So I did manage to bring my OSDs back to life, the pools are there
(.mgr and my test pool), and my few test bytes are available as well.
But it's a lot of work. And this is just a single host with only three
OSDs. But at least I can confirm that the procedure to rebuild the mon
store from the OSDs still works, you just have to keep in mind that
the described steps are for non-cephadm clusters. So you'll need to
use the cephadm shell to perform the ceph-objectstore-tool and
ceph-monstore-tool steps.
The osdmap was healthy (containing my three OSDs), and as soon as I
had injected the rebuilt monmap into the mon, the 'ceph status' showed
three OSDs again. But bringing the OSDs back up wasn't that easy, I
had to fiddle around a lot (this isn't exactly a regular procedure for
us).
Among (a lot of) other steps, you need to:
- rebuild mon store from *ALL* OSDs (that needs to work, otherwise the
osdmap won't be complete)
- bring at least one mgr back up (ceph auth import mgr keyring because
the mon store rebuild results in some config data loss)

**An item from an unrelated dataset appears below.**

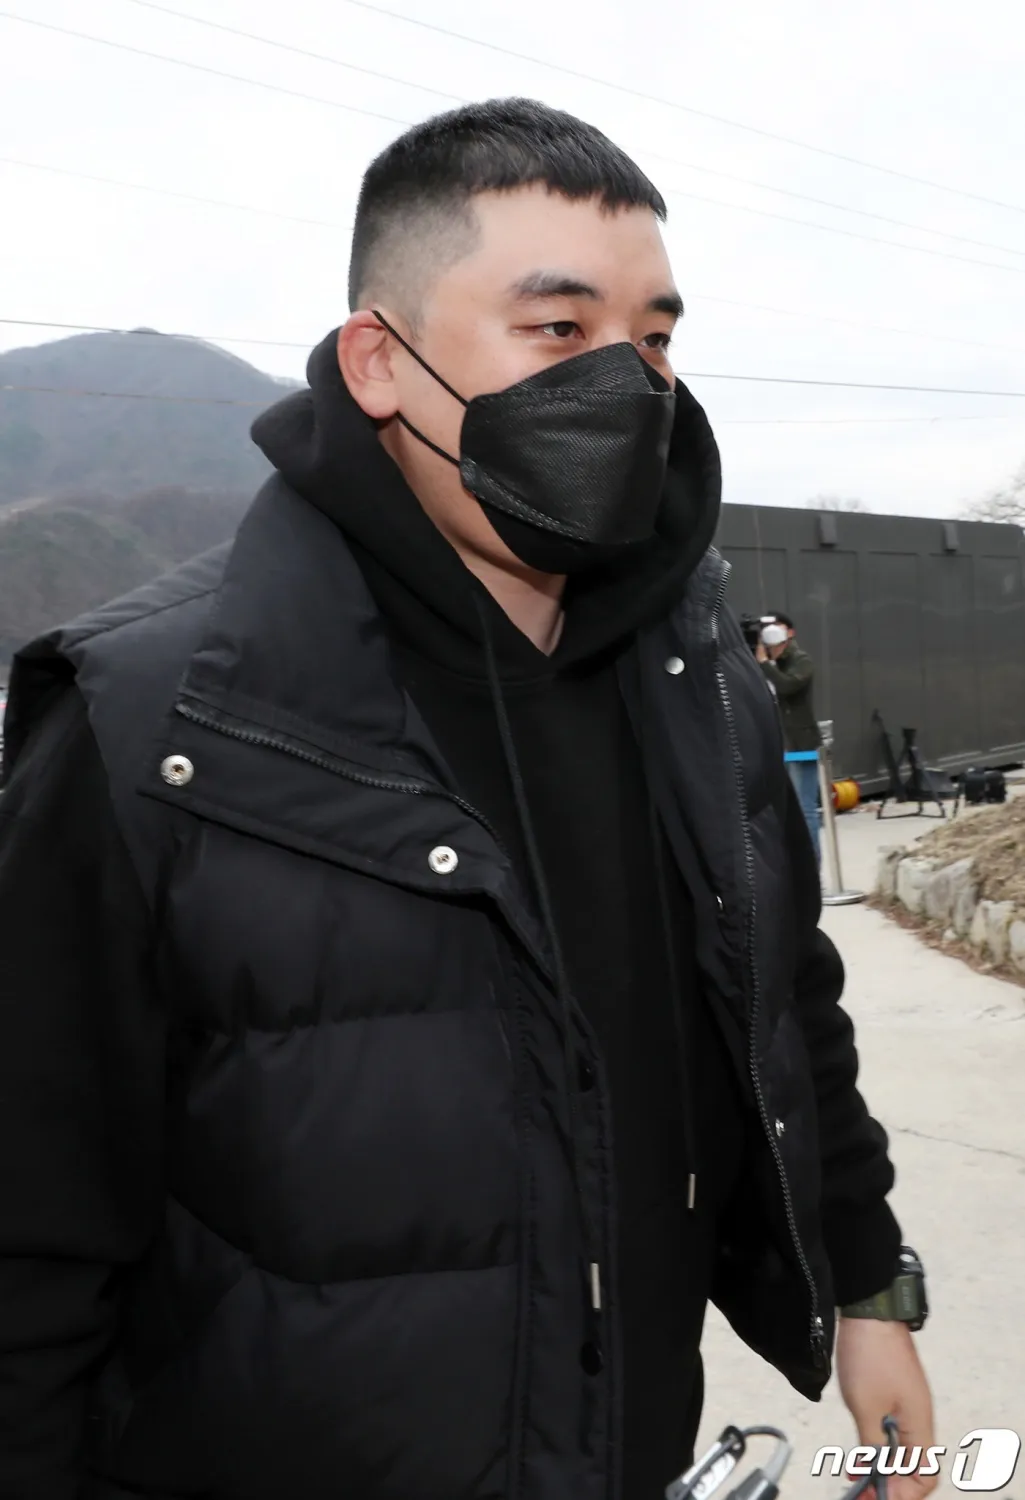 Сингрі Гарнерс знищив зенітну зброю за те, що останнє з’явилося ім’я BIGBANG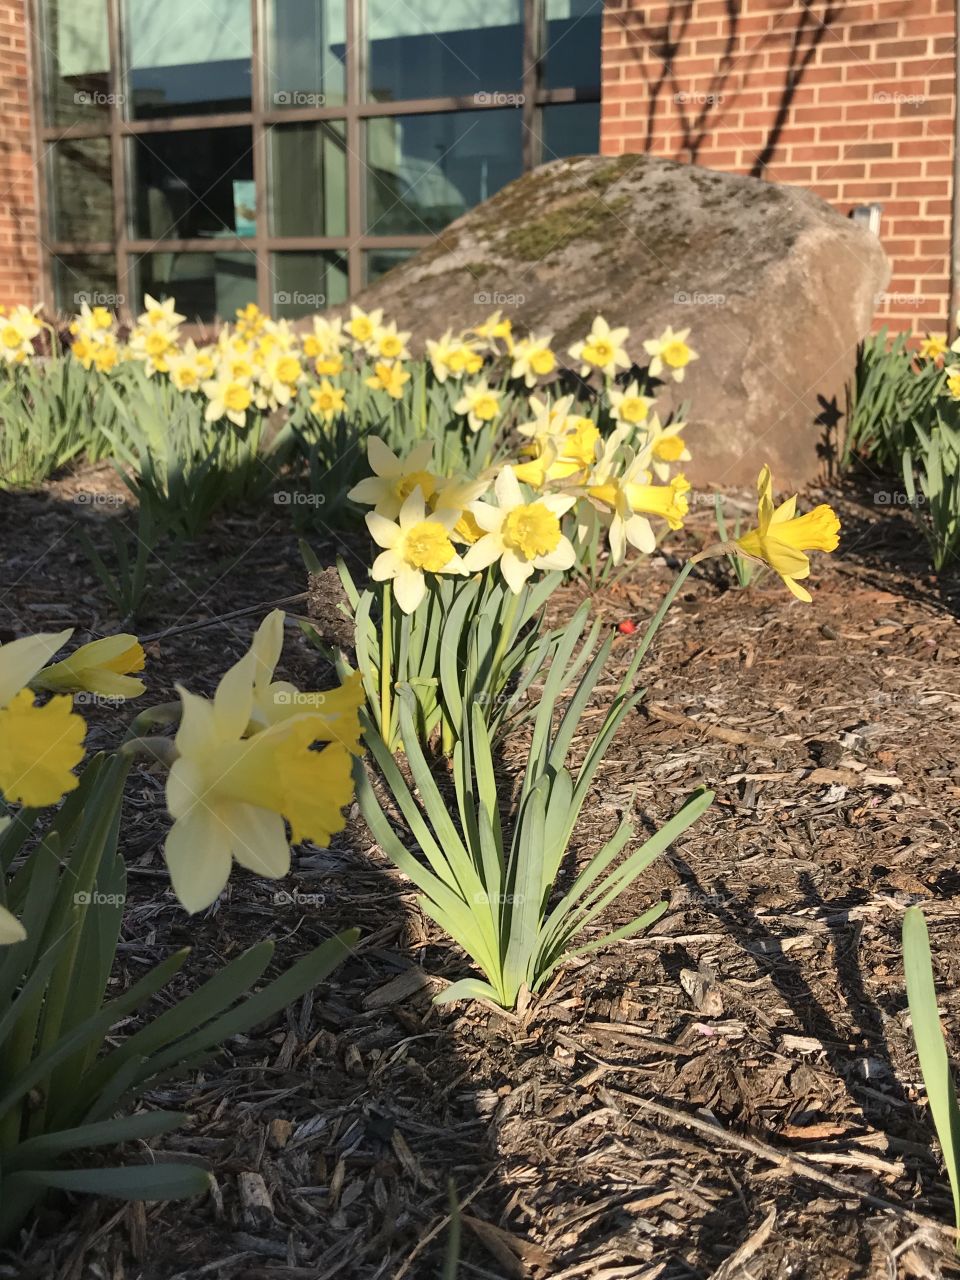 Daffodils in the winter growing beautiful!

- enable cephadm and set orchestrator backend
- add host(s) to orch
- set the correct container image (otherwise it will try to use the
image "docker.io/ceph/daemon-base:latest-master-devel")
- recreate osd directories with correct contents (type, whoami, fsid
etc.), some info is available with 'cephadm ceph-volume lvm list'
- ensure the unit.run files have the correct content
- and so on...
This is just a brief overview, but it should be possible to rescue
your data, it will just take quite some time and some Ceph experience.
Regards,
Eugen
Zitat von Eugen Block <[email protected]>:
Again, please don't drop the list from your responses.
I played around a bit with a single-host cluster, created three
OSDs, added a pool and copied a few bytes of data into it. Then I
attached the drives to a different host where I bootstrapped a fresh
cluster with the previous FSID. But the OSDs can't be activated,
unfortunately. I think the main problem is this:
orchestrator._interface.OrchestratorError: osd.0 not in osdmap
I'm not sure if the procedure to recover from OSDs will help here,
if I have the time, I'm gonna try.
Or another approach could be to create new OSDs in the new cluster
you built (if you have the resources) and then use
ceph-objectstore-tool export/import to get the data onto the new
OSDs. But that's also an advanced procedure, you require experience
to accomplish that.
I still think the easiest approach would have been to reduce the
monmap to 1 and start from there, but it's too late for that now.
Zitat von Jacek Rużyczka <[email protected]>:
But then I'd have to destroy the old Ceph cluster, right?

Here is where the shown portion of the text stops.